When returning to nest burrows at night, adults make a distinctive moaning "oo-ah-oo". At their burrows, adult birds also make a variety of yaps, barks, and squeals. The petrel's flight is characterized by high, steeply banked arcs and glides. Their wings are long and narrow with a wingspan of 36 in. The wings and tail are sooty-colored. Their feet are bicolored pink and black.

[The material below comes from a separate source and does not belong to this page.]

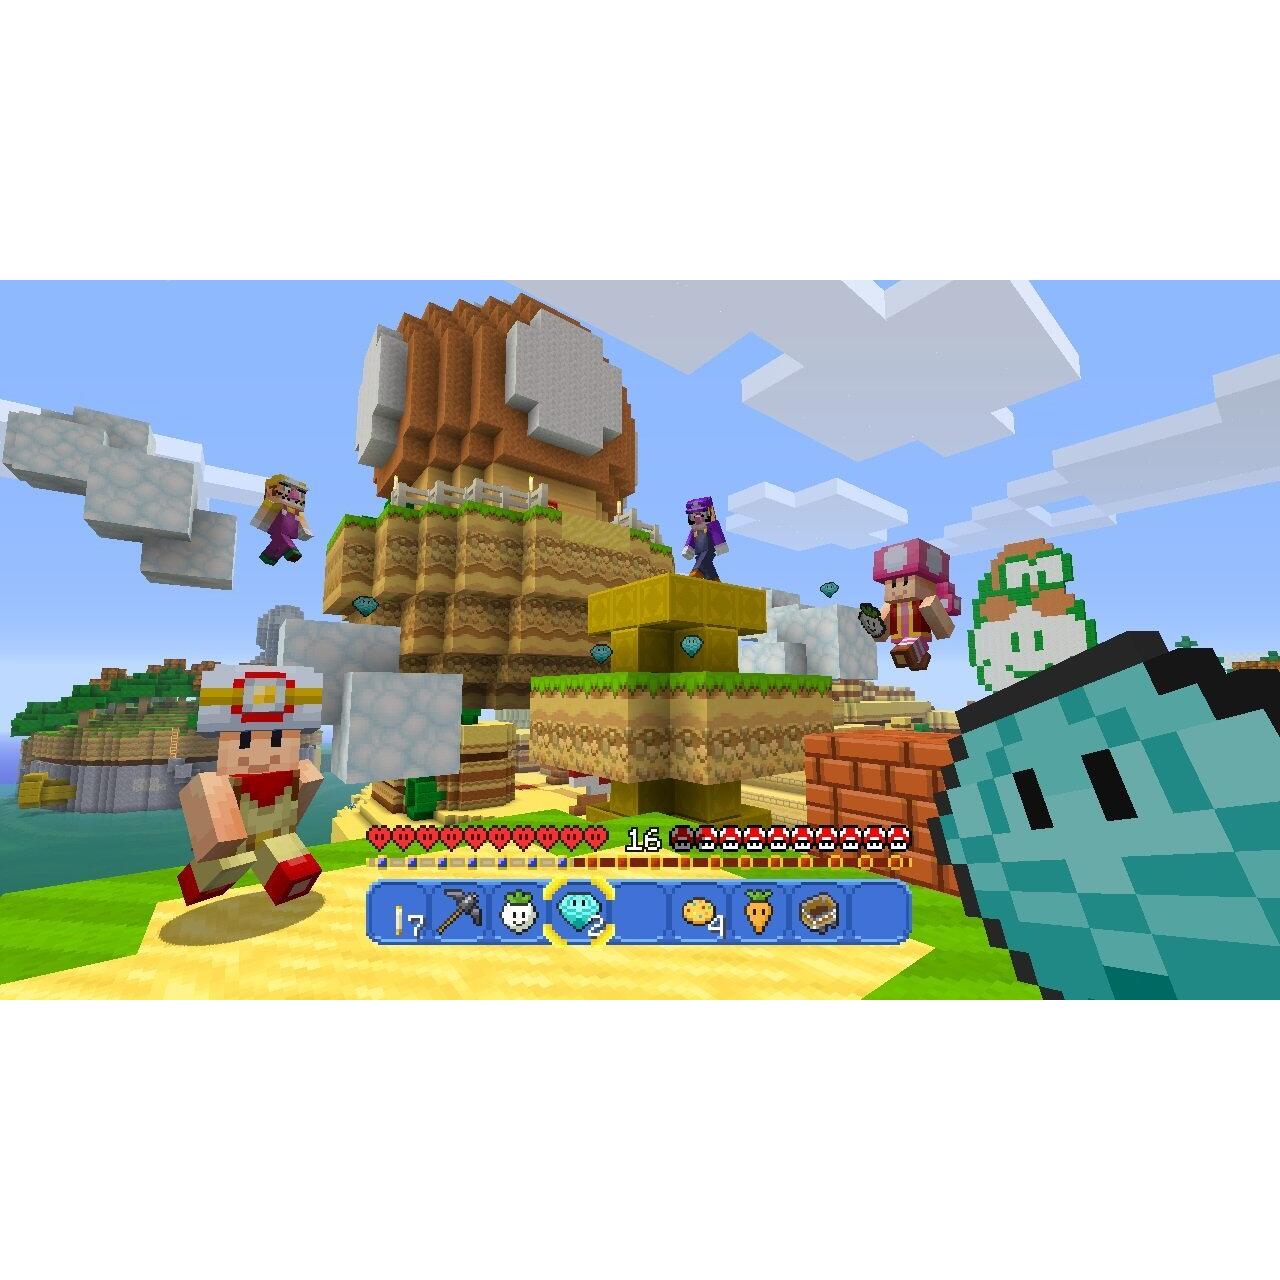 . koolhydraat roddel Minecraft: Wii U Editie - Wii U (Wii U) kopen - €26.99

==Status and conservation==
The Hawaiian petrel is an endangered species. In addition to loss of habitat from development, the greatest threats to the petrel are feral cats, small Asian mongooses, and rats, all of which feed on the helpless chicks when they are inside their burrows. In Haleakalā National Park, great efforts are being made to reduce the number of feral animals, to preserve not only the Hawaiian petrel, but also many other rare Hawaiian birds that fall victim to predation. Wires injure the rare petrels and city lights disorient them, contributing to their decline. The Hawaiian petrel was once considered conspecific with the dark-rumped petrel of the Galápagos islands, but was recently split to its own species.

At the recommendation of federal wildlife officials, Hawaiʻi switched to digital television on 15 January 2009, a month ahead of the nationwide FCC mandatory conversion, in order to preserve the nesting season of the ʻuaʻu. Biologists didn't have an accurate count of how many of the species remained, but estimated fewer than 1,000 nested on Haleakalā volcano, their primary nesting area. The earlier digital conversion allowed nearby analog transmission towers to be destroyed without disrupting the nesting season, which begins in February.